Be Still

2-be-Still-and-Know-That-he-is-GodThis past week I got to experience the wisdom of Psalm 46:10. It’s the verse, “Be still, and know that I am God; I will be exalted among the nations, I will be exalted in the earth.”

I remember the first time I was encouraged to practice the wisdom of this verse. It was the summer of 1986, while I was preparing for a summer missions project to the former Soviet Union. I was in New York and the project leads asked us to spend 30 minutes practicing the discipline of being still. Not praying. Not problem solving. Not dreaming. Just being still before God.

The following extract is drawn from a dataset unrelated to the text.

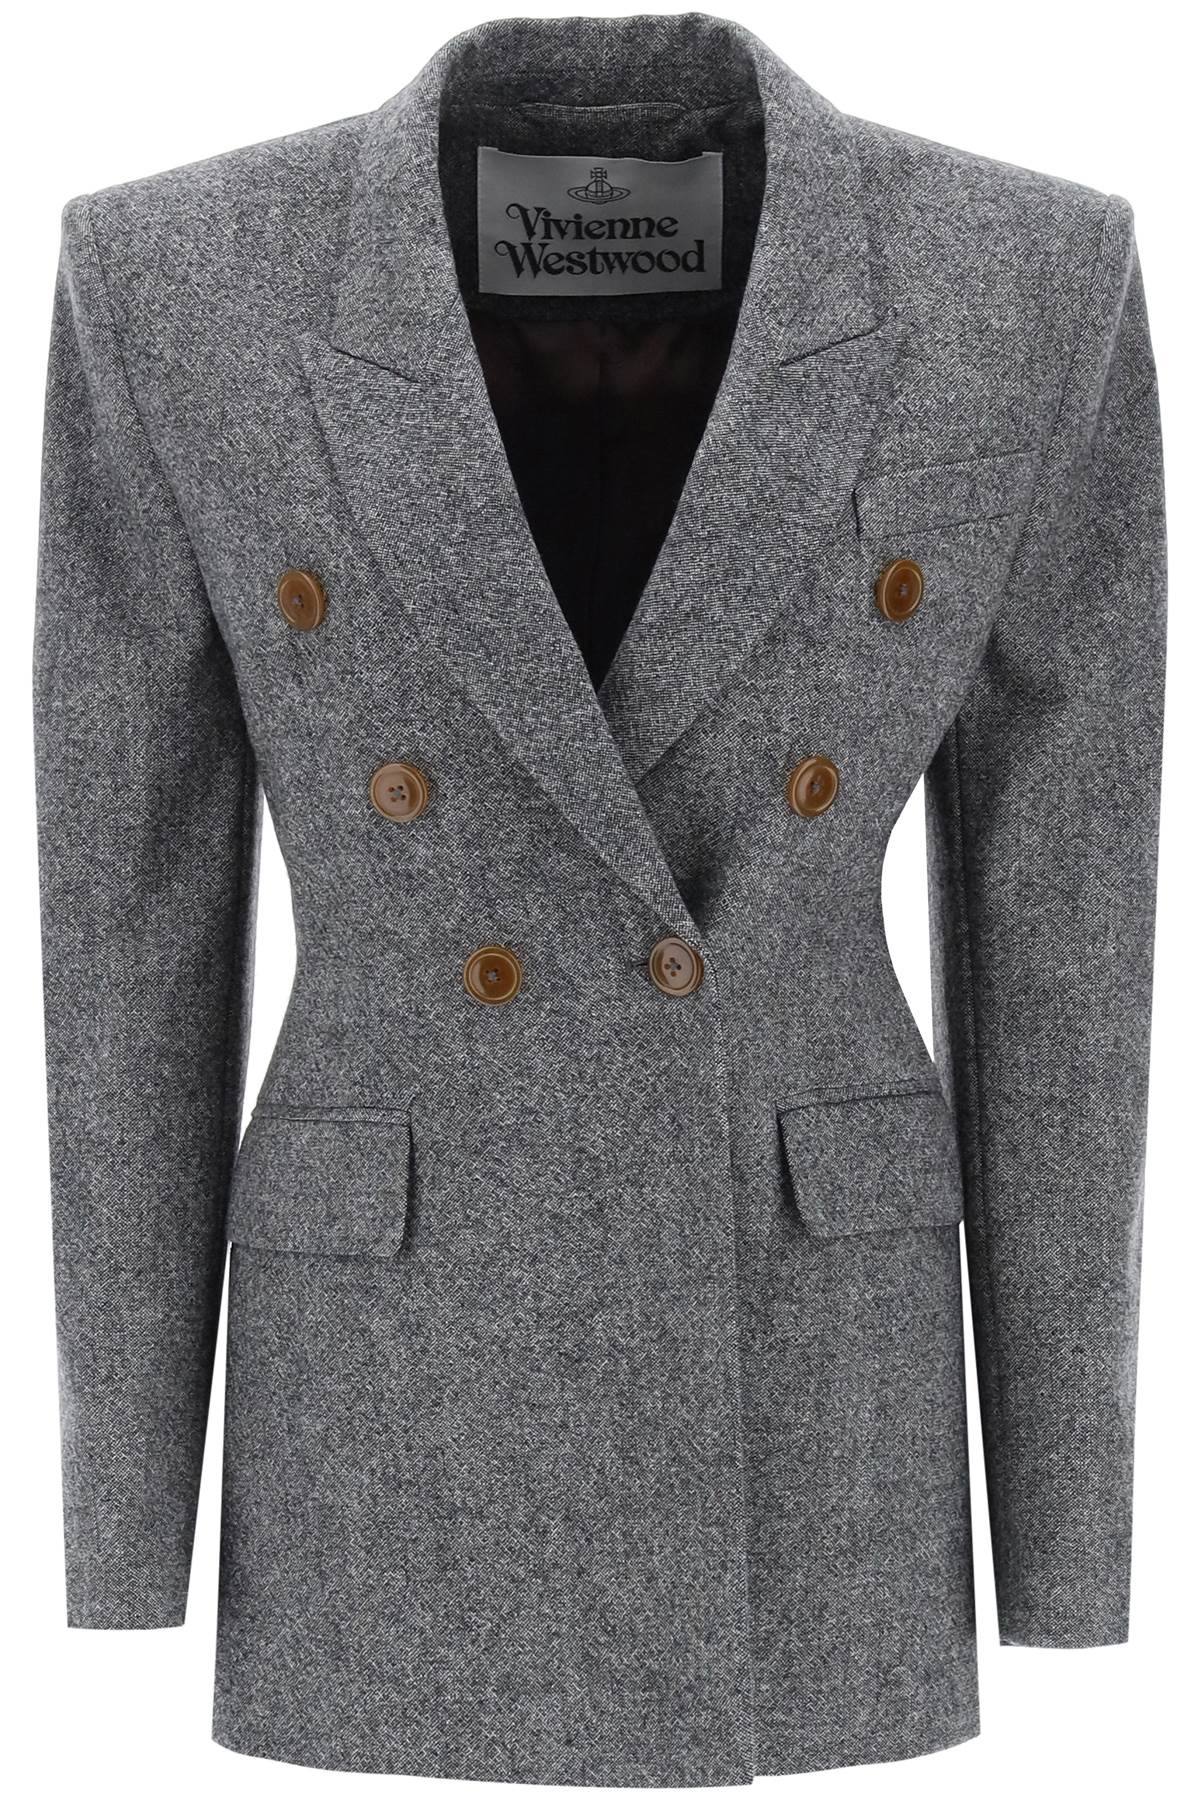 Vivienne westwood lauren jacket in donegal tweed

Almost 30 years later, I still remember the awkwardness I experienced at Kings College that afternoon, as I tried to get my mind and body to be still. And true confessions, 30 years later, it is still hard for this Type A personality to be still. So to remove the distractions from my life, my family and I headed to the mountains this past week. Free from internet connectivity and out of cell phone range.

The Hebrew definition for “stillness” is to stop striving, to let go, to surrender. Whether it’s practicing Sabbath, or being still, the psalm reminds us that we can take comfort in letting go and resting in God to provide help, strength and safety in those times of renewal. Yet, this is tremendously difficult in our media rich, always-on, over-communicated society. It is not uncommon for the noise of this world to crowd into every empty space, leaving us spiritually, mentally, and emotionally exhausted. And that’s why it’s important to unplug and surrender to the One who ultimately provides.

One of those moments of stillness this past week, was during a hike to Eagle Lake. Our family left particularly early that morning in order to beat the crowds and the forecasted thunderstorms that afternoon. When we arrived at the lake that morning, we realized that we had the whole lake all to ourselves. It was a majestic moment of stillness. Just us, in awe of God’s majesty! As we took it all in, we watched a mother duck care for her ducklings. We witnessed fish feeding. We saw the reflection of the Sierra Mountains on the stillness of the water. We heard the birds chirping. We breathed the fresh forest air. And we couldn’t help but be still, to take it all in and then later take time to pray. It was a glorious morning being still before God.

This past week held many opportunities for me to reflect, renew and meet God in the stillness. And it got me thinking, “why don’t I do this more often?” So, as I reflect on the last week, I wrote down four good reasons why it’s important to be still. And I share these with you in hopes that you might also experience the joy of being still.

So here’s why it’s important to practice stillness…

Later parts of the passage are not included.